Let \(\tau \) be a permutation of \(\Omega _{\vec {P}}\). Then there is a translation \(\vec {\phi } = \langle \phi _1(x), \phi _2(x), \ldots , \phi _q(x)\rangle \) that supports \(\tau \). Conversely, any translation \(\vec {\phi }\) supports a permutation of \(\Omega _{\vec {P}}\) (namely \(\tau _{\vec {\phi }}\)).

Putting this another way, and more in line with Miller’s weather example, if we define new unary predicates \(Q_1(x), Q_2(x), \ldots , Q_q(x)\) by \( Q_j(x) = \phi _j(x)\) then for each \(\epsilon , \delta \in \Omega _{\vec {P}}\), the atom
$$\begin{aligned} \alpha _{\epsilon }(x)= \bigwedge _{i=1}^q P_i^{\epsilon (i)}(x) \end{aligned}$$
of \(L_{\vec {P}}\) is logically equivalent to the atom
$$\begin{aligned} \alpha ^{\vec {Q}}_{\delta }(x) =\bigwedge _{i=1}^q Q_i^{\delta (i)}(x) \end{aligned}$$
of \(L_{\vec {Q}}\) just when \(\tau _{\vec {\phi }}(\epsilon ) = \delta \).

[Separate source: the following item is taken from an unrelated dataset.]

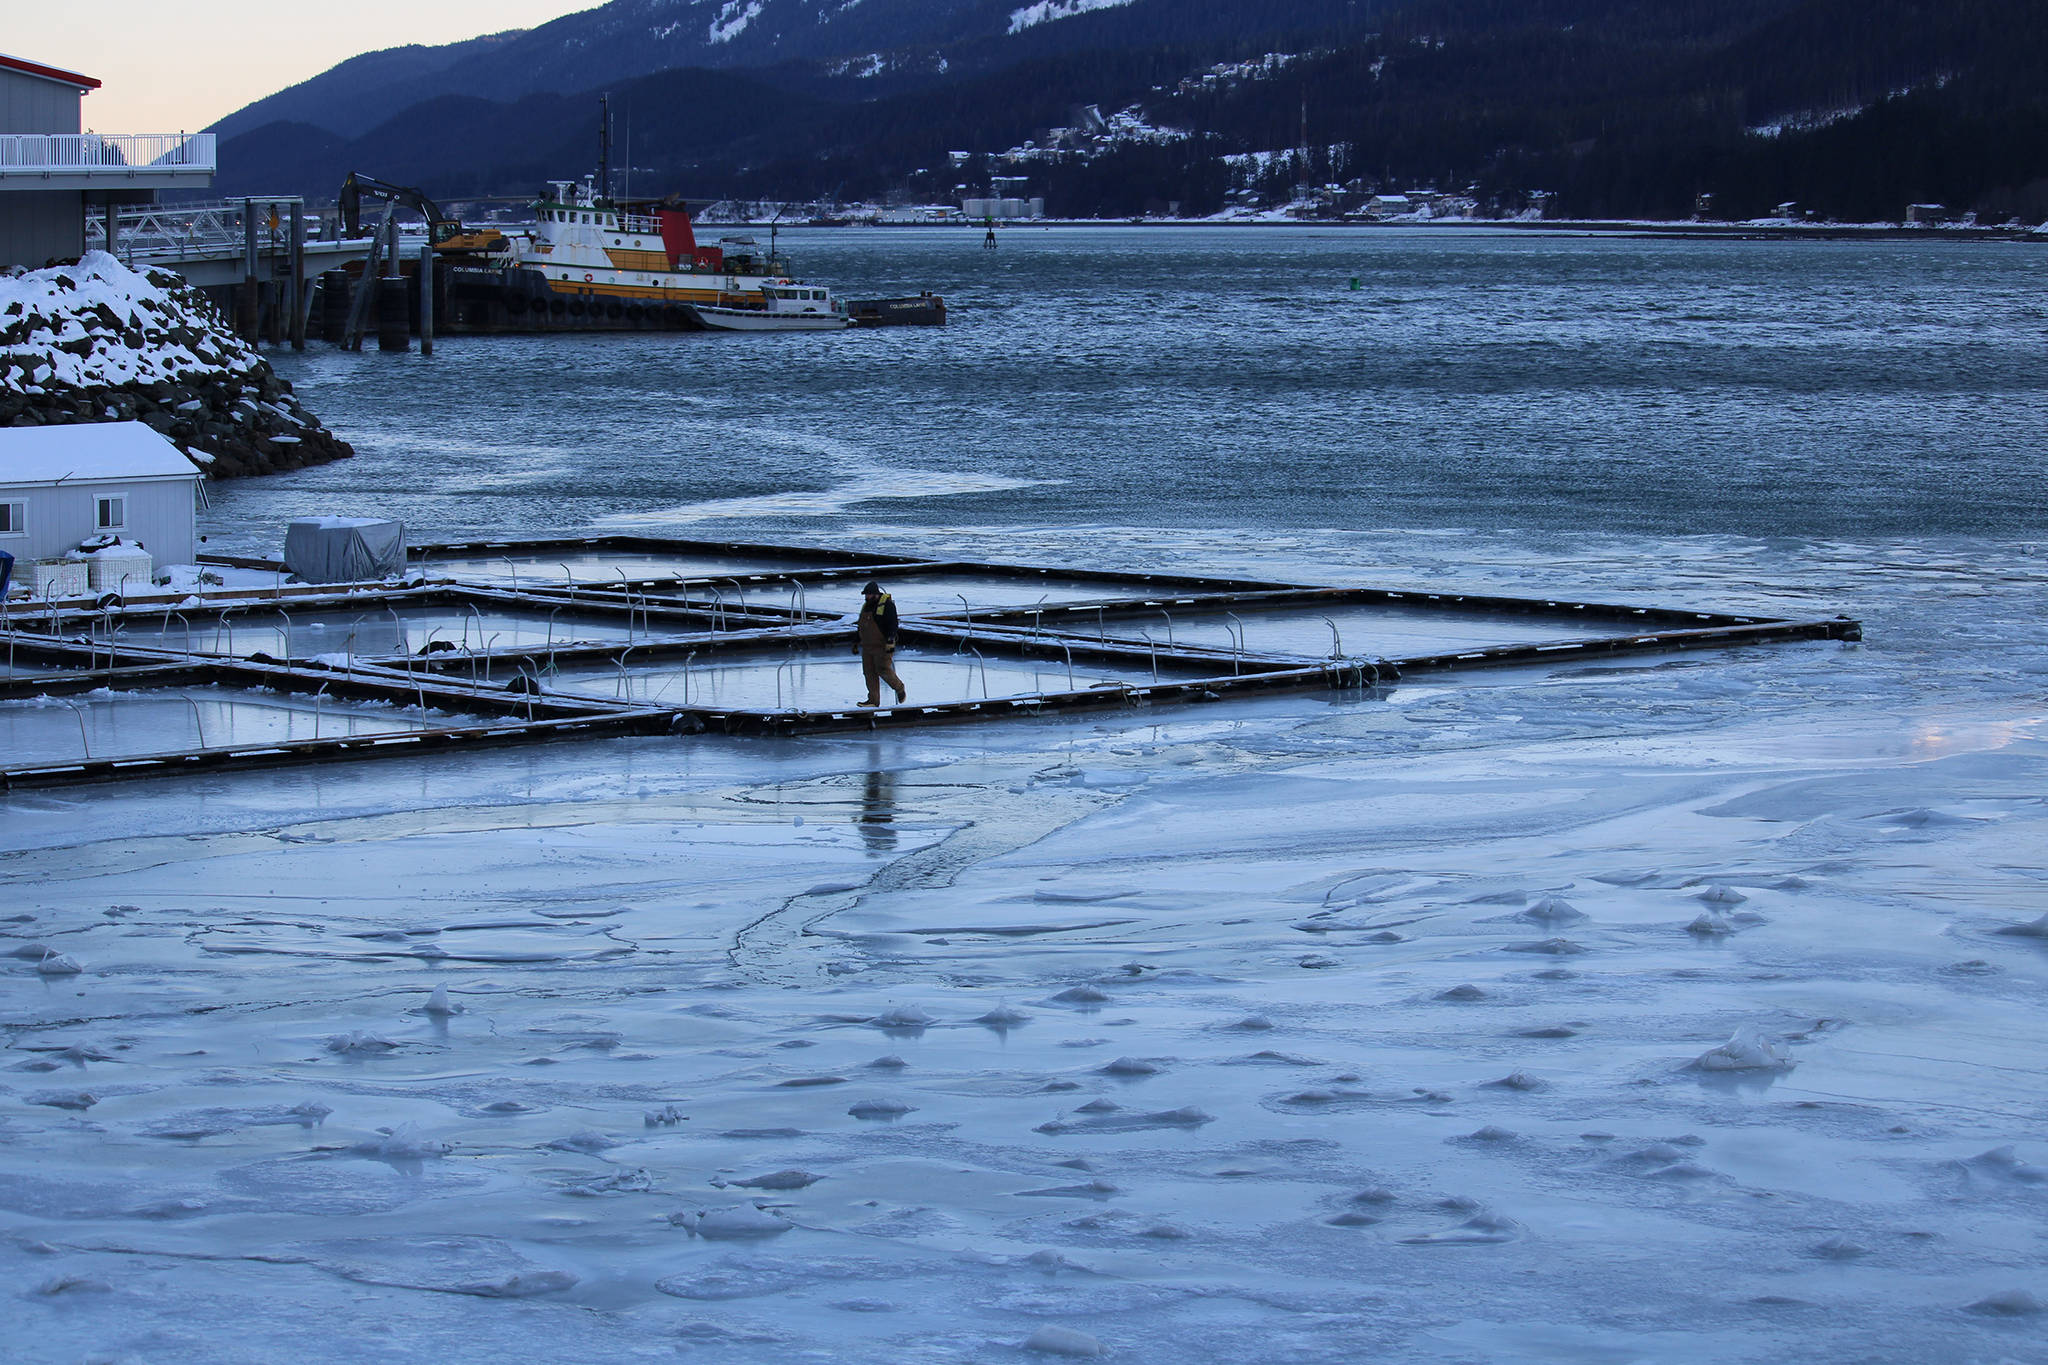 A worker walks on the pier near Douglas Island Pink and Chum Inc's Macaulay Salmon Hatchery Thursday afternoon. Ice has formed on the Gastineau Channel amid frigid temperatures brought on by a high pressure ridge over mainland Alaska and Western Canada. (Dana Zigmund / Juneau Empire)

Thus we can change the Hamming Distance between \(\alpha _{\epsilon }(x)\) and \(\alpha _{\delta }(x)\) (for \(\delta \ne \epsilon \)) by a translation in any way we want (without making it 0). Indeed provided that it is consistent (i.e. there is some tuple of atoms with the desired Hamming distances between them) we can in fact make multiple distance changes simultaneously. In Miller’s example, writing CDS and MA for ‘cool, dry, still’ and ‘Minnesotan, Arizonan’ respectively, (meaning the weather outside Jones and Smith’s prison), the situation may be represented as
$$\begin{aligned} \begin{array}{lccclccc} \mathrm{Jones} &{}\quad C&{}\quad D&{} C&{}\quad \qquad \mathrm{Jones} &{}\quad C&{}\quad M&{}\quad A\\ \mathrm{Smith}&{}\quad C&{}\quad \lnot D&{}\quad \lnot S&{} \quad \qquad \mathrm{Smith} &{}\quad C&{}\quad \lnot M&{}\quad \lnot A\\ \mathrm{True} &{}\quad \lnot C&{}\quad \lnot D&{}\quad \lnot S&{} \quad \qquad \mathrm{True} &{}\quad \lnot C&{}\quad M&{}\quad A\\ \end{array} \end{aligned}$$
respectively. We can, for example, also arrange for Jones and Smith each to differ from the true situation and from each other on two scores although we cannot arrange that they each differ from the true situation and each other on a single score. The conclusion we may draw here, in line with Miller, is that Hamming Distance is as flawed a measure of verisimilitude for constituents (in the propositional context) or instantiated atoms (in the predicate context) as can be.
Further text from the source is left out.